Очень полезными для меня оказались двое владельцев деревенского магазина. Они говорили, что продавать то, что запрещают немцы, их патриотический долг. В таком случае моим патриотическим долгом было покупать все, что они предлагали, не так ли? Деревенские мальчишки спускались к Роне и тайком ловили рыбу. Они приносили прямо к дверям кухни не только рыбу, но и немного муки, сала, орехов, изредка зайца или кролика. Мы снова давали званые обеды. Кухарка слегка приободрилась, хотя недовольно ворчала, что готовить совершенно не с чем, кроме надоевшего белого вина. Неожиданно к нам нагрянули на постой немцы, два офицера и их ординарцы. Для них были поспешно приготовлены комнаты дальнем крыле дома, подальше от наших спален. Провизию при прятали, но собрать и спрятать разбросанные во множестве по комнатам английские книги не успели. Когда ординарцы ввалились в кухню, чтобы приготовить еду для своих офицеров, кухарка побелела от ярости. Не в кулинарной книге описывать то, как готовили эти немцы, но то, что они ели, было омерзительным. На одну порцию: 1 большой кусок ветчины, толщиной 1 1/2 дюйма, разогретый во фритюре, желатинно-клейкое содержимое пинты консервной банки (заменяло хлеб и картофель?) и грязновато-коричневая жидкость из большой консервной банки (заменяло кофе?). Три раза на день ординарцы волокли эту еду в пустую комнату, примыкавшую к спальным. Вероятно, офицеры ели за одним столом с ординарцами. Однажды ординарец подарил кухарке банку их заменителя хлеба и картофеля. Она в свою очередь высыпала это четырем курам, нашей самой драгоценной собственности. Они налетели, клюнули и отошли. Кухарка, обрадованная поступком своих французских кур, выбросила месиво в горный поток, который бежал за домом. Через две недели немцы, расквартированные у нас, съехали. Мы вздохнули с облегчением…

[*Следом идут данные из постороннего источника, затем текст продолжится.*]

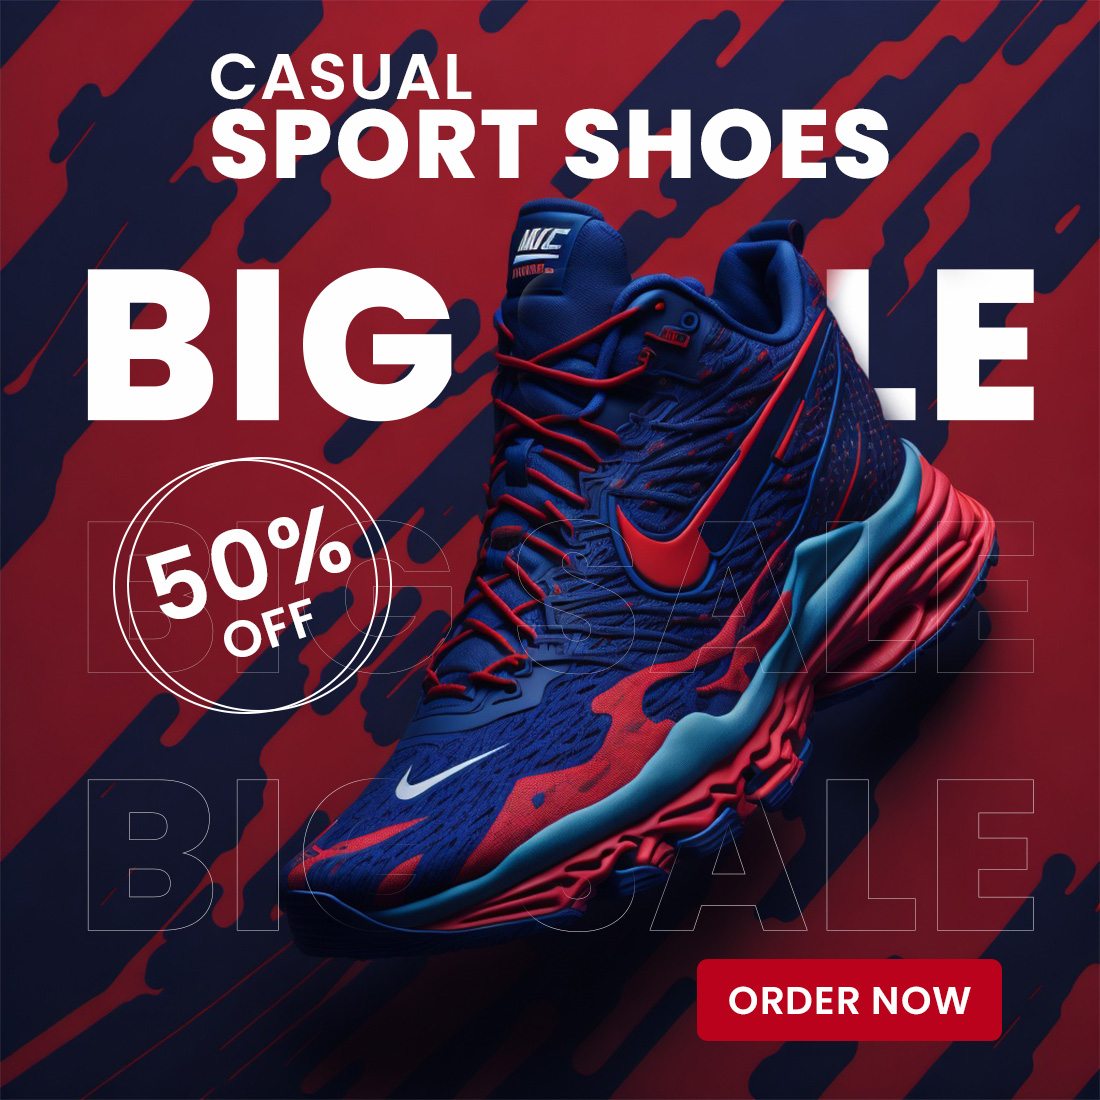 big sale shoes social media post cover image.

События ускорялись, повсюду царила счастливая неразбериха. Произошла высадка американских войск на севере. Немцы знали, что и нам это известно. Осторожность развеялась, как одуванчик на ветру. Мы даже слышали, как кто-то пел Марсельезу. В один из таких дней нас оповестили, что к нам на постой определено более сотни немцев. Почти тут же они появились у ворот, пять офицеров и семеро сержантов должны были поселиться в доме, а рядовых устроили на верандах и во времянках на огороде. Гертруда Стайн со своими рукописями и пуделем быстро удалилась наверх, в спальню. Мы со слугами снесли вниз матрасы для сержантов и приготовили комнаты и кровати для офицеров, чьи собаки бродили по дому, а клячи и ослики топтали клумбы. Немцы устроили ужасный кавардак. Ночью они ели холодный армейский паек. А на следующее утро зарезали теленка прямо на веранде соседнего дома и поджарили его на импровизированном вертеле. После полудня они ушли, подъев напоследок все, что удалось отыскать в доме. Банки с засахаренными фруктами были надежно спрятаны в шкафу для белья. Их сохранность многое значила для меня — они были символом более счастливых дней, которые непременно настанут.

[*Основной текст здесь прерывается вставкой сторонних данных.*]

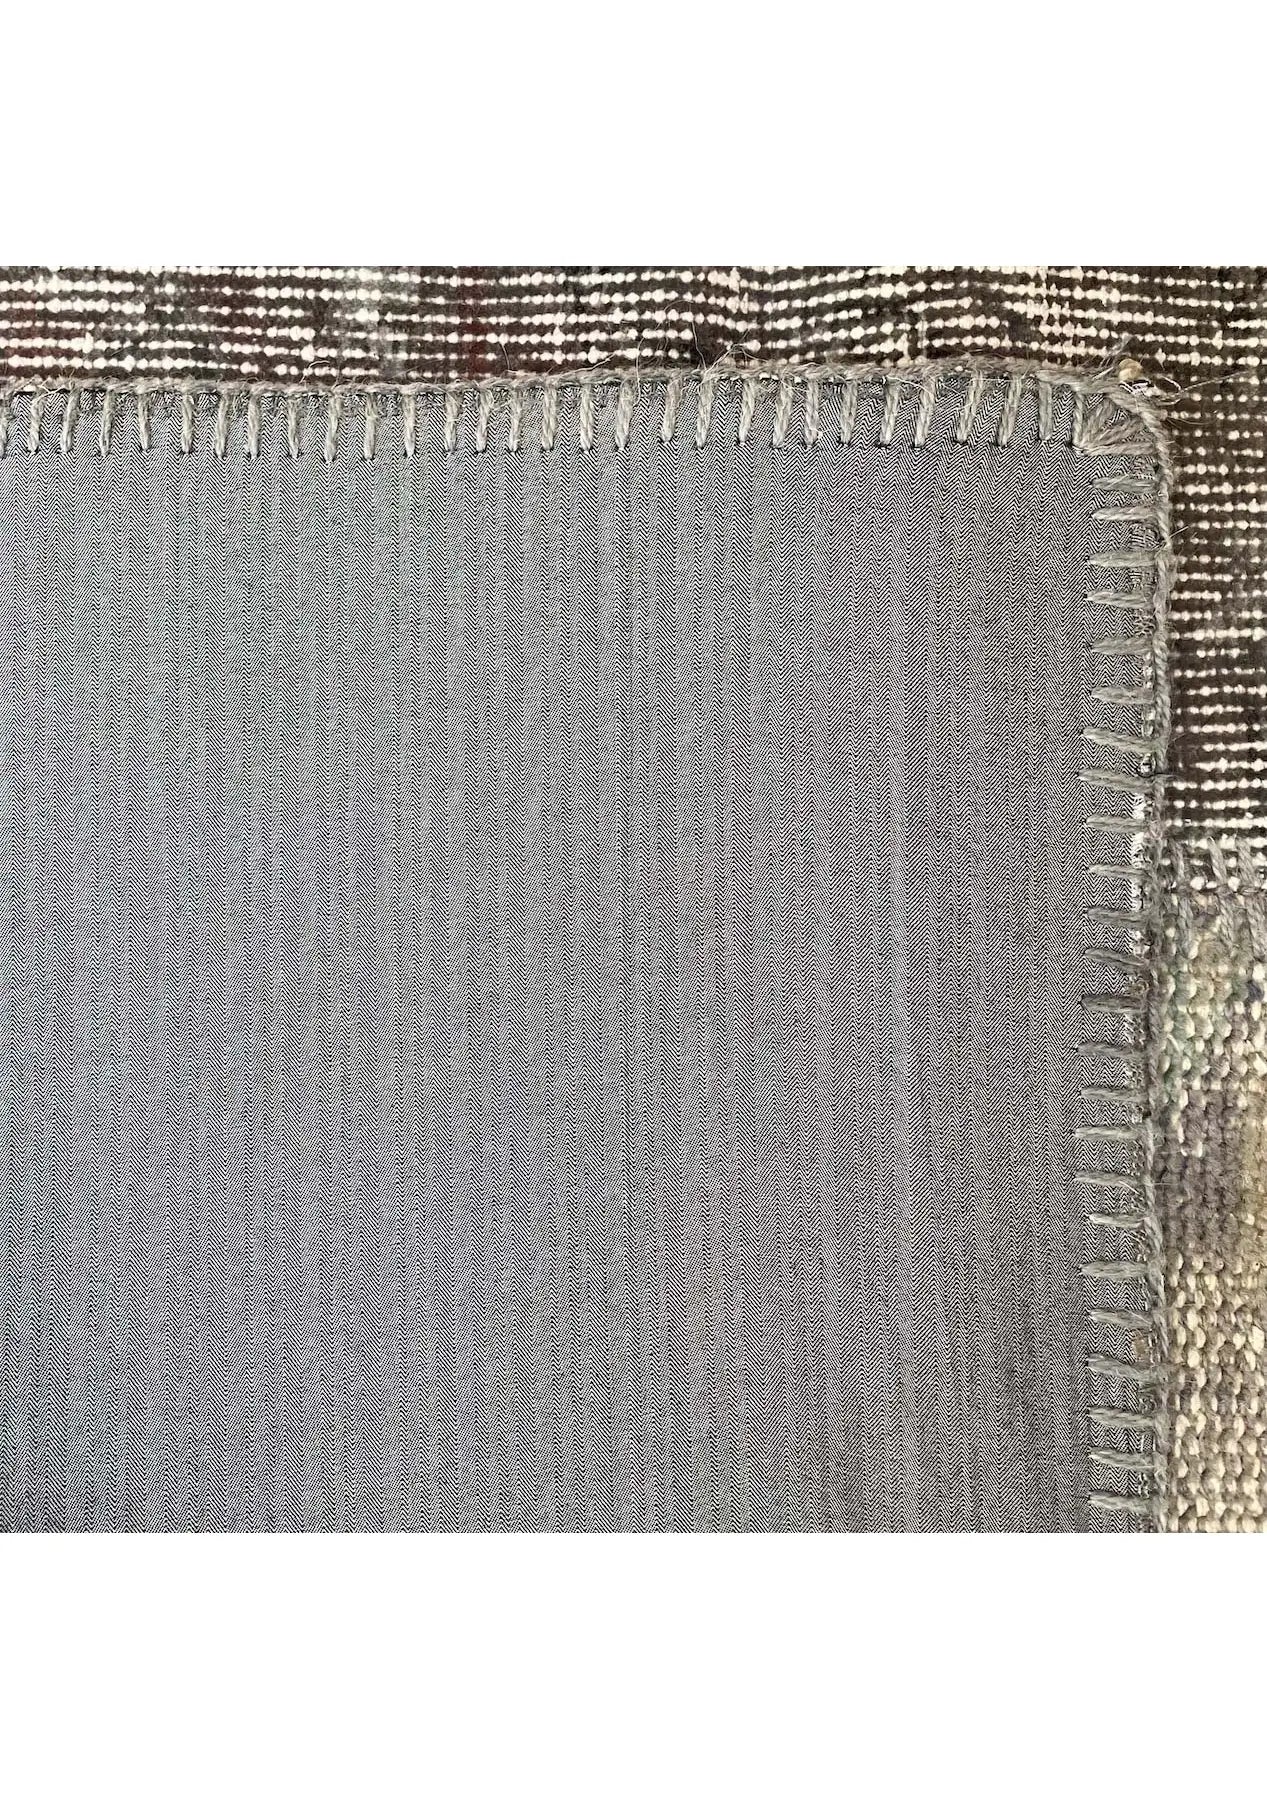 Torree - Vintage Gray Patchwork Rug - kudenrugs

Через шесть недель после ухода немцев произошла высадка союзных войск на юге. Мы торжествовали. Наша армия или часть её, устремляясь на север, наверняка пройдет мимо нас.

Участники Сопротивления не только подрывали железнодорожные пути, но взорвали в нескольких местах и главное шоссе. Гертруда Стайн однажды после полудня вернулась из деревни возбужденной, провозгласив, что немцы разместили пулеметы вдоль сей площади и на четырех дорогах, ведущих от нее, и что в деревню входят солдаты. Ну, сказала я, сегодня ночью спать нам не придется. Все закончится к утру. Но ничего не произошло. Утром пулеметы исчезли. Услышав по радио, что Париж освобожден, мы пришли в дикое возбуждение. Конец был близок. Однажды утром мальчики из Сопротивления неслышно спустились с лесистых гор и выбили из Кюлоз и окрестных селений семь сотен немцев, загнали их в близлежащие болота и перебили всех до одного. Это было великолепно, классично, почти по-библейски. Мы, празднуя, прикатили на одном из освобожденных такси в Белле".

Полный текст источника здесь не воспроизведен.